SUPPLIED DATA:
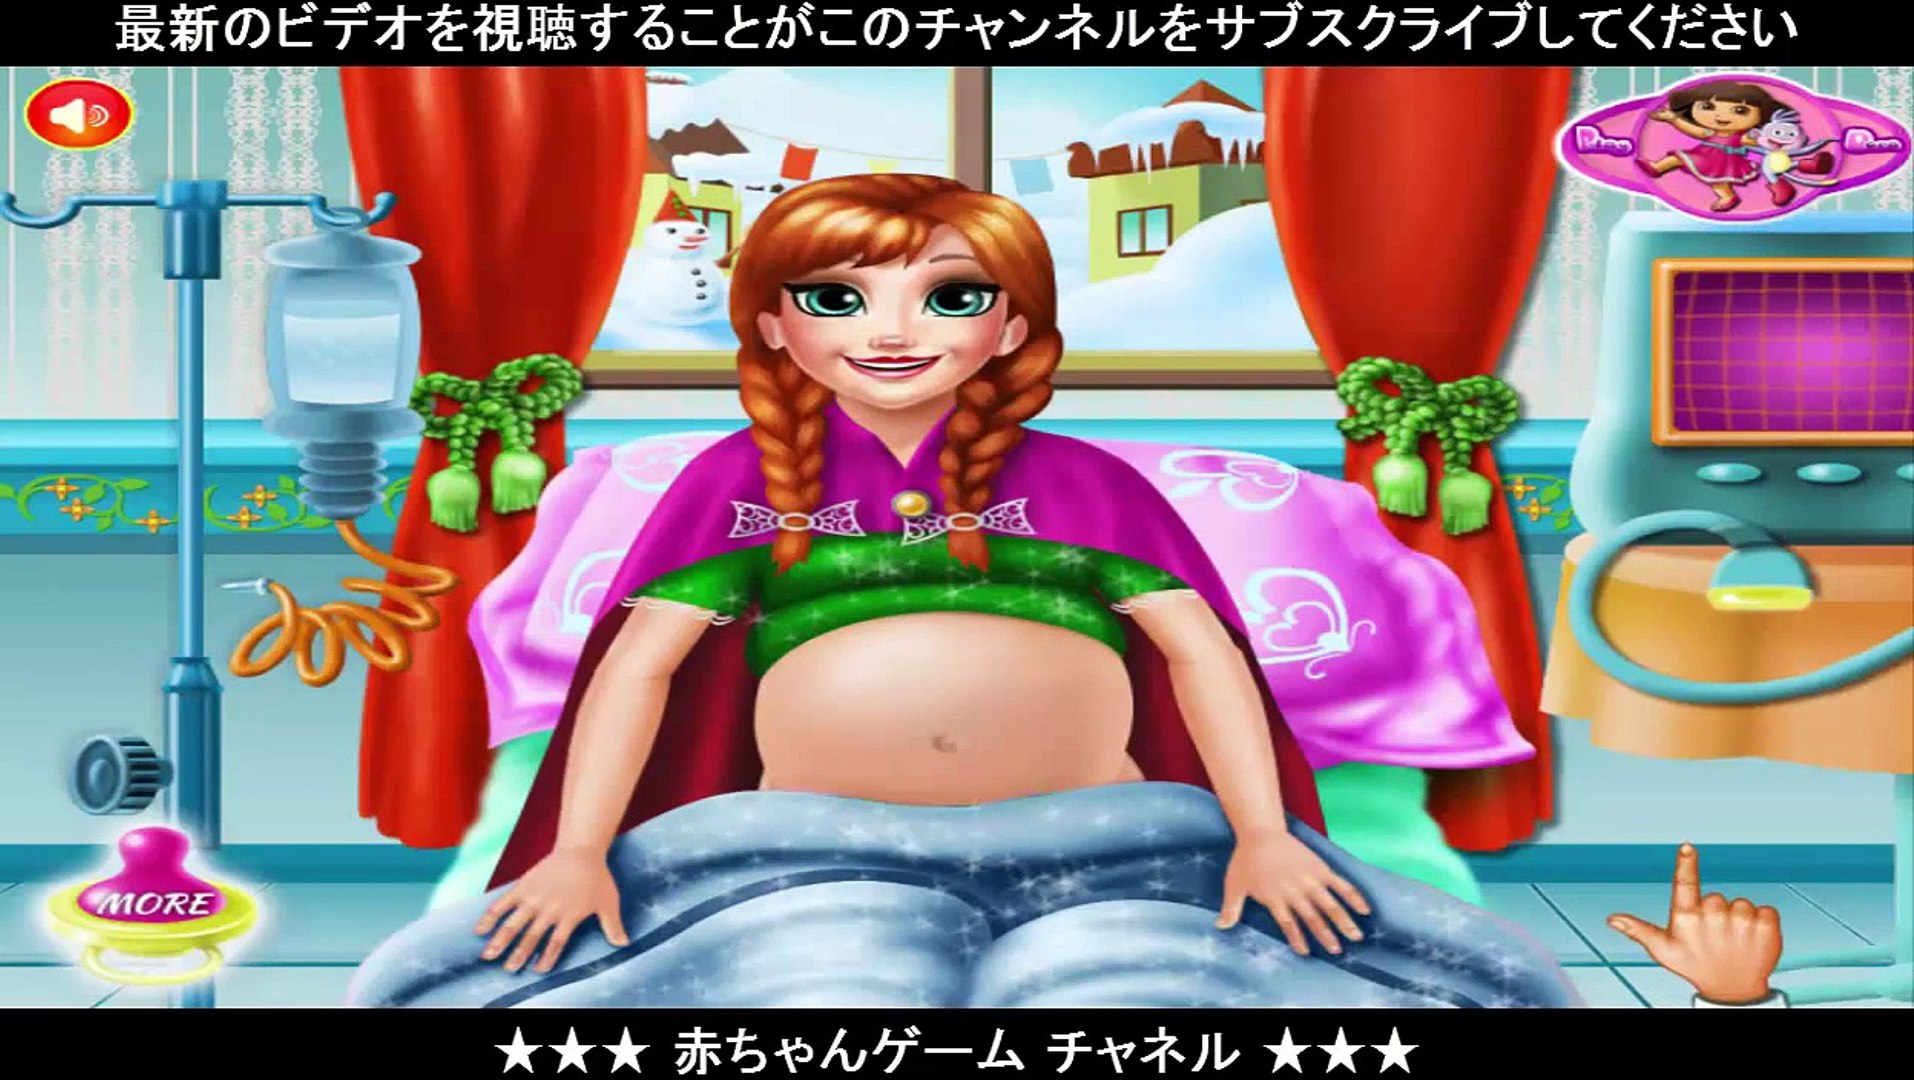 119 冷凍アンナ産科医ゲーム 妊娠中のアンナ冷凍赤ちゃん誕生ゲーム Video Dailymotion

--

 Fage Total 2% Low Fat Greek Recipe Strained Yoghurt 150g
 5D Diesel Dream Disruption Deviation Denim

WHAT TO DO:
Begin with the line that has "Fage Total 2%" in the listing above and end after the line that has "5D Diesel Dream Disruption Deviation Denim"; output those lines exactly.

TASK ANSWER:
 Fage Total 2% Low Fat Greek Recipe Strained Yoghurt 150g
 5D Diesel Dream Disruption Deviation Denim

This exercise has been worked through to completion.